> DATASET SECTION
___

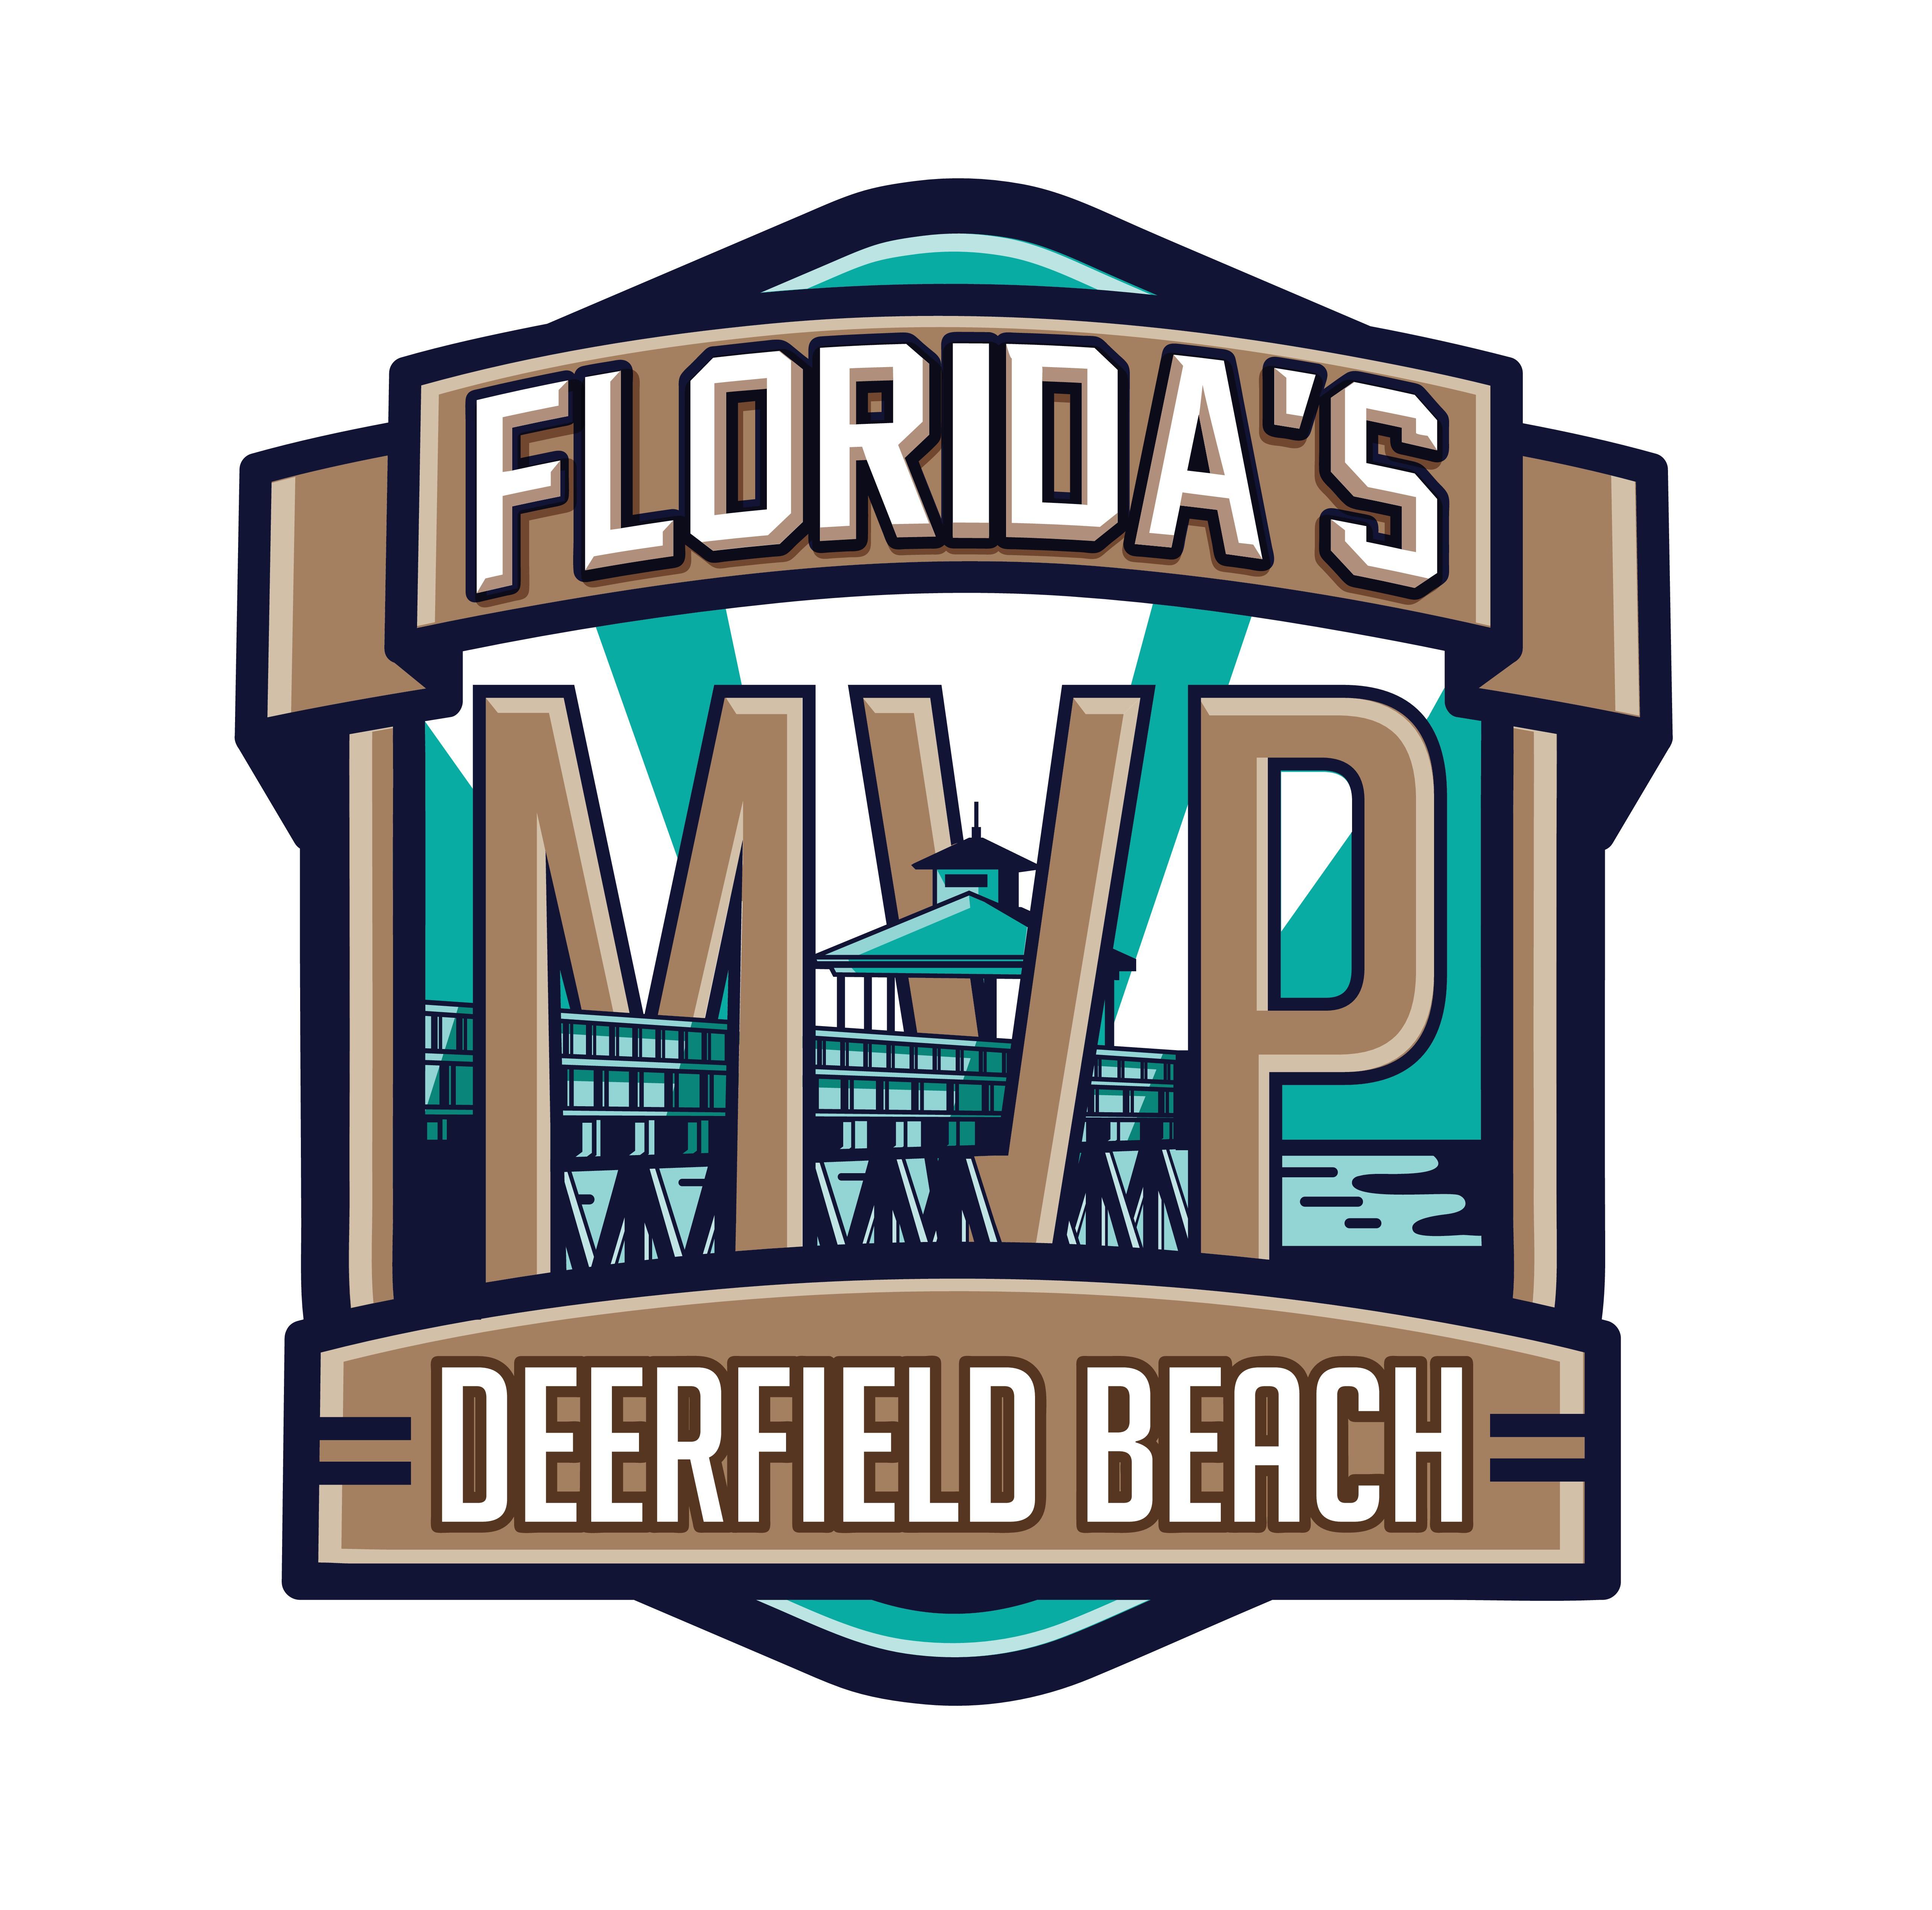 Florida's MVP!
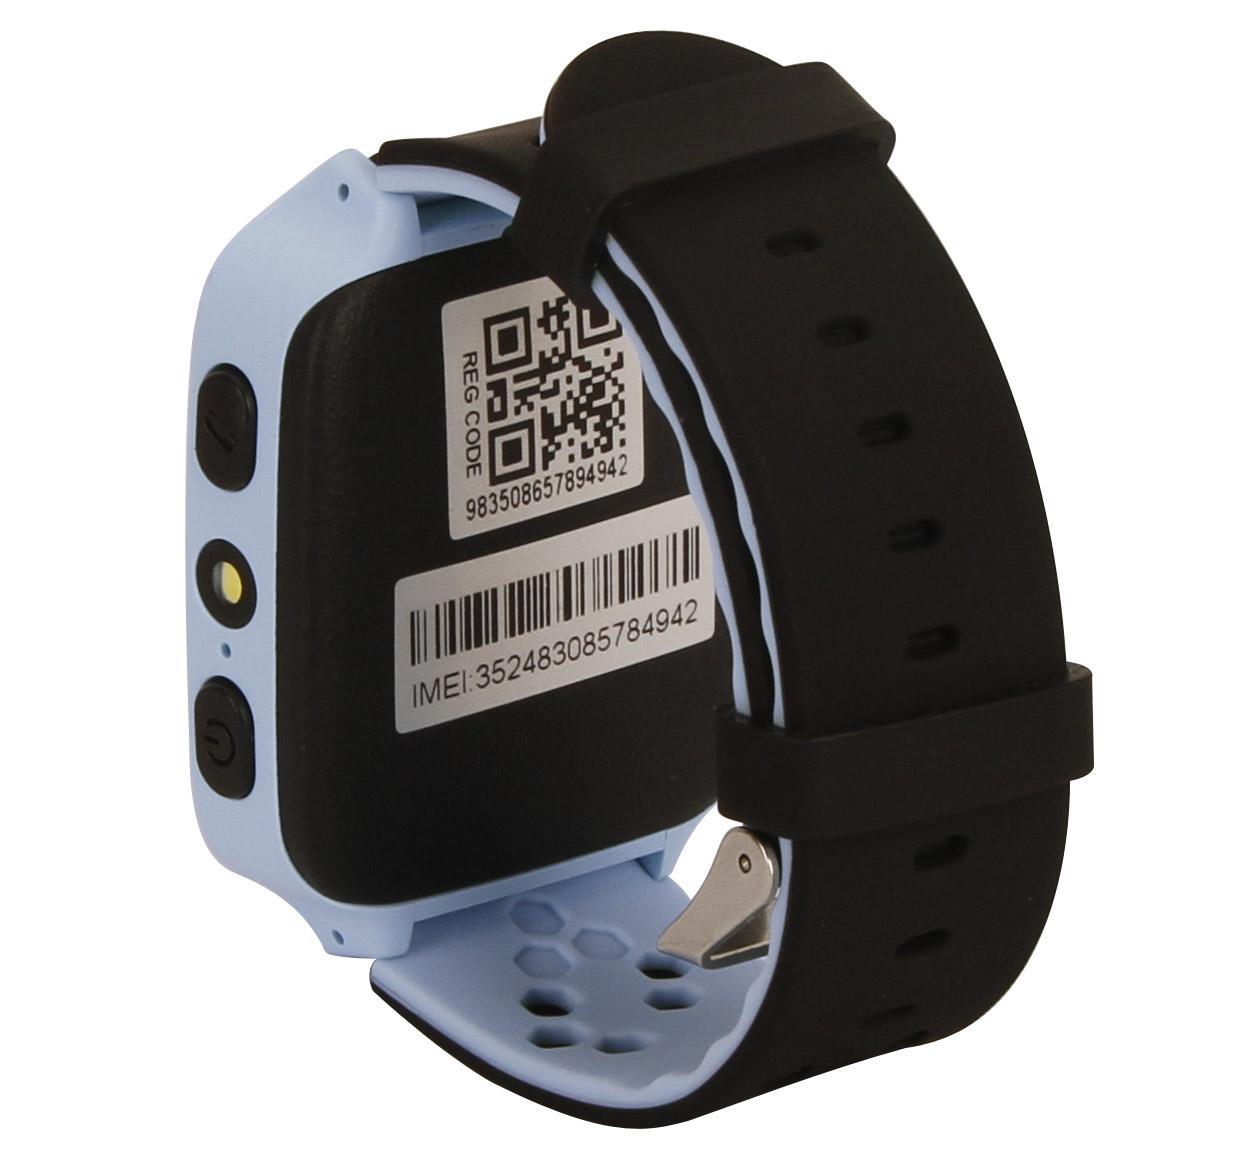 贝贝优可儿童智能GPS定位手表宝宝礼物W4 4
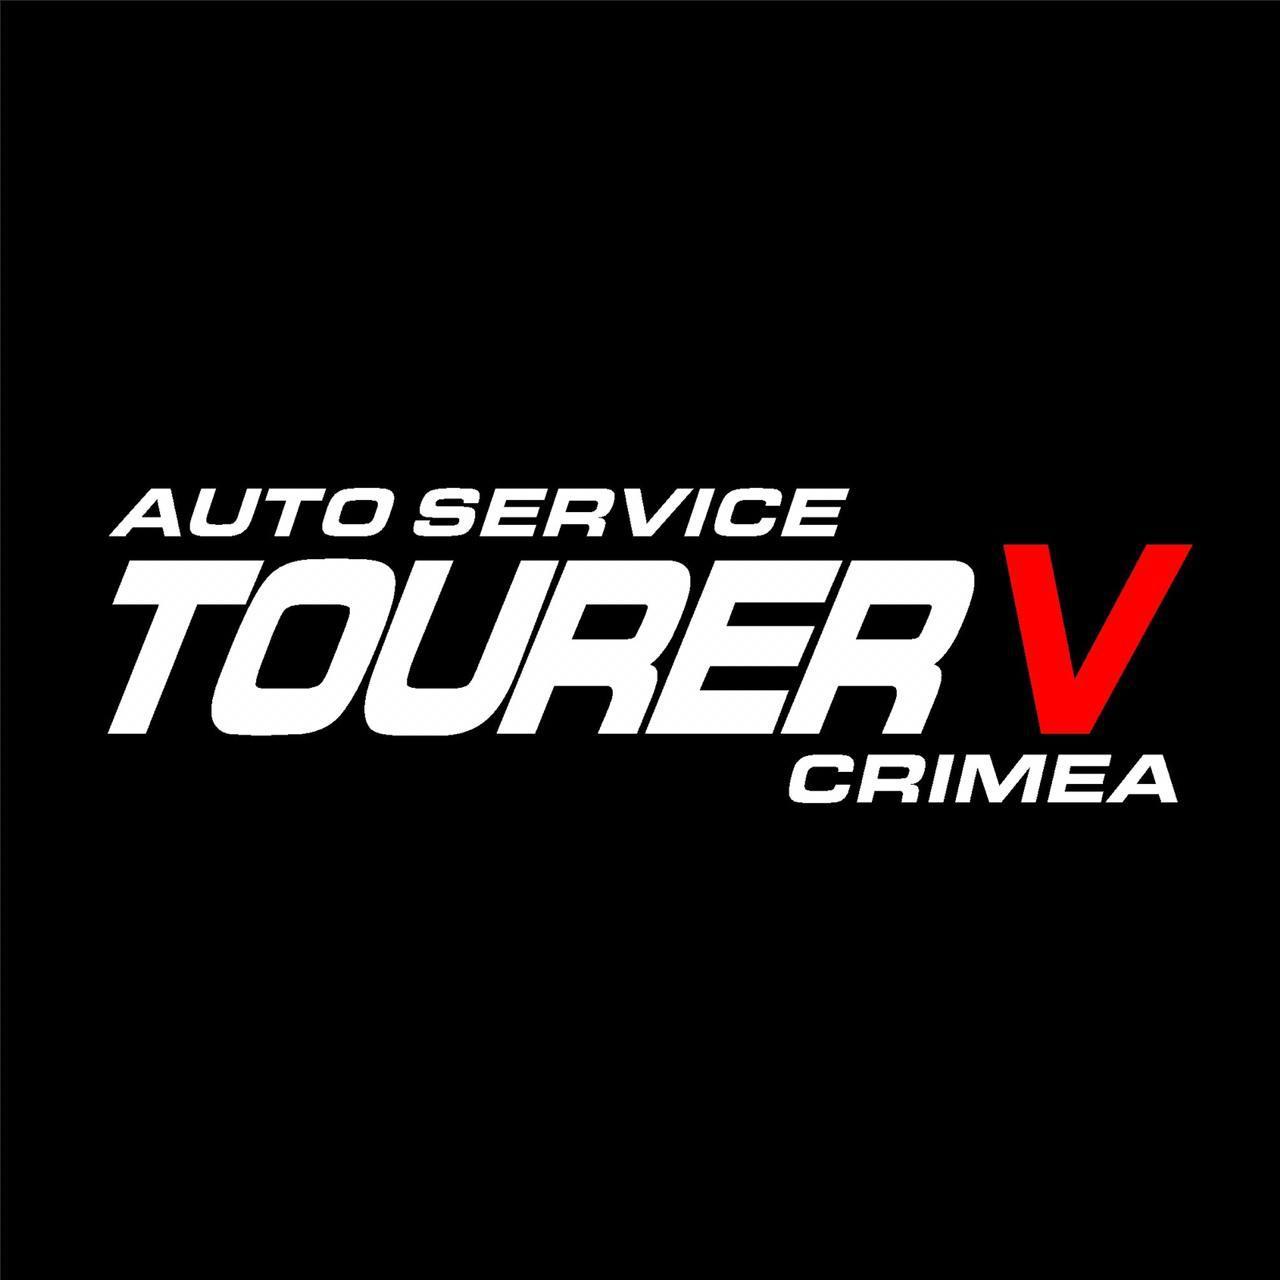 логотип компании TourerV service

___

> WORK INSTRUCTION
Print, exactly and only, the lines running from the line with "贝贝优可儿童智能GPS定位手表宝宝礼物W4 4" through the last line of the data, including both. Skip any picture.

> THE COMPLETED TASK
 贝贝优可儿童智能GPS定位手表宝宝礼物W4 4
 логотип компании TourerV service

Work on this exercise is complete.